In questo triplice scambio di sguardi fra uomini e cani, il pubblico si è ormai lasciato catturare dalla neve e dal
gelo paralizzante. Eppure sulla scena esiste solo la loro evocazione, data dall’abbigliamento anemico del
narratore, dalla scenografia fredda e stilizzata e dal richiamo della musica. Tre musicisti accompagnano London
durante tutto il suo racconto e fanno dei loro suoni uno dei principali strumenti scenografici: la tastiera che emula
la voce narrante, le percussioni che scandiscono il ritmo della neve che sta cadendo nell’aria e infine la voce calda
e profonda del cantante che, insieme a piccoli effetti sonori come il fruscio di alcuni rami di paglia, accende un
fuoco salvatore al centro del palco.
Il racconto, in conclusione, ammalia.
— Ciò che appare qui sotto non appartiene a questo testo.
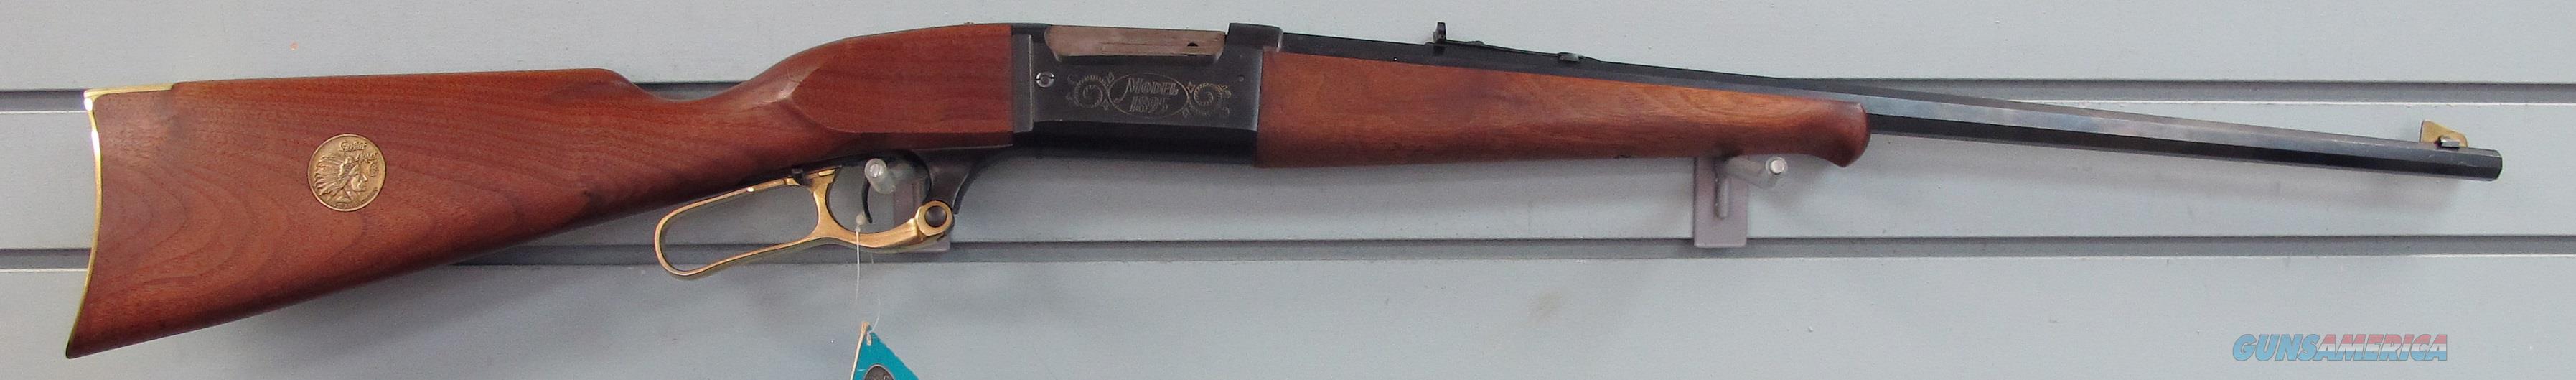 SAVAGE ARMS MODEL 1895 .308  Guns > Rifles > Savage Rifles > Model 95/99 Family

Intrattenimento? Nessuna differenza esiste tra lavori di questo genere e
monologhi impegnati come “Il racconto del Vajont” o “Itis Galileo”. Unico obiettivo, comune, quello di destare
nello spettatore un qualsiasi movimento, un cambiamento d’attitudine verso la propria routine, verso le quotidiane
amministrazioni e scelte. Di particolare questo lavoro riflette sul rinnovamento la poesia, l’ammirazione di piccoli
dettagli, la compagnia di un cane e le vedute di neve immense, una poesia persino aggressiva come il cane
Bastardo, se questo contribuisce alla crescita dell’uomo. London sa che la neve inibisce il degradamento umano,
che cura chi si è sbandato, che trascina alla disperazione i ragazzini perduti e infine li rende uomini adulti: London
conosce tutto questo e gioca nel testo con paesaggi immensi, con un personaggio umano che risulta sempre
perdente e con il suo accompagnatore, un animale assurdo, parodistico, contrapposto. Paolini, nel recuperare il
gioco, rende lo spettatore partecipe del grande concetto della convivenza, della desolazione, dell’amore per la
natura. Immerso in queste sensazioni, l’uomo abbandona i propri giorni di deterioramento e diventa, infine, il
cane, quel personaggio parodistico e irritante, eppure così semplice, così nuovo.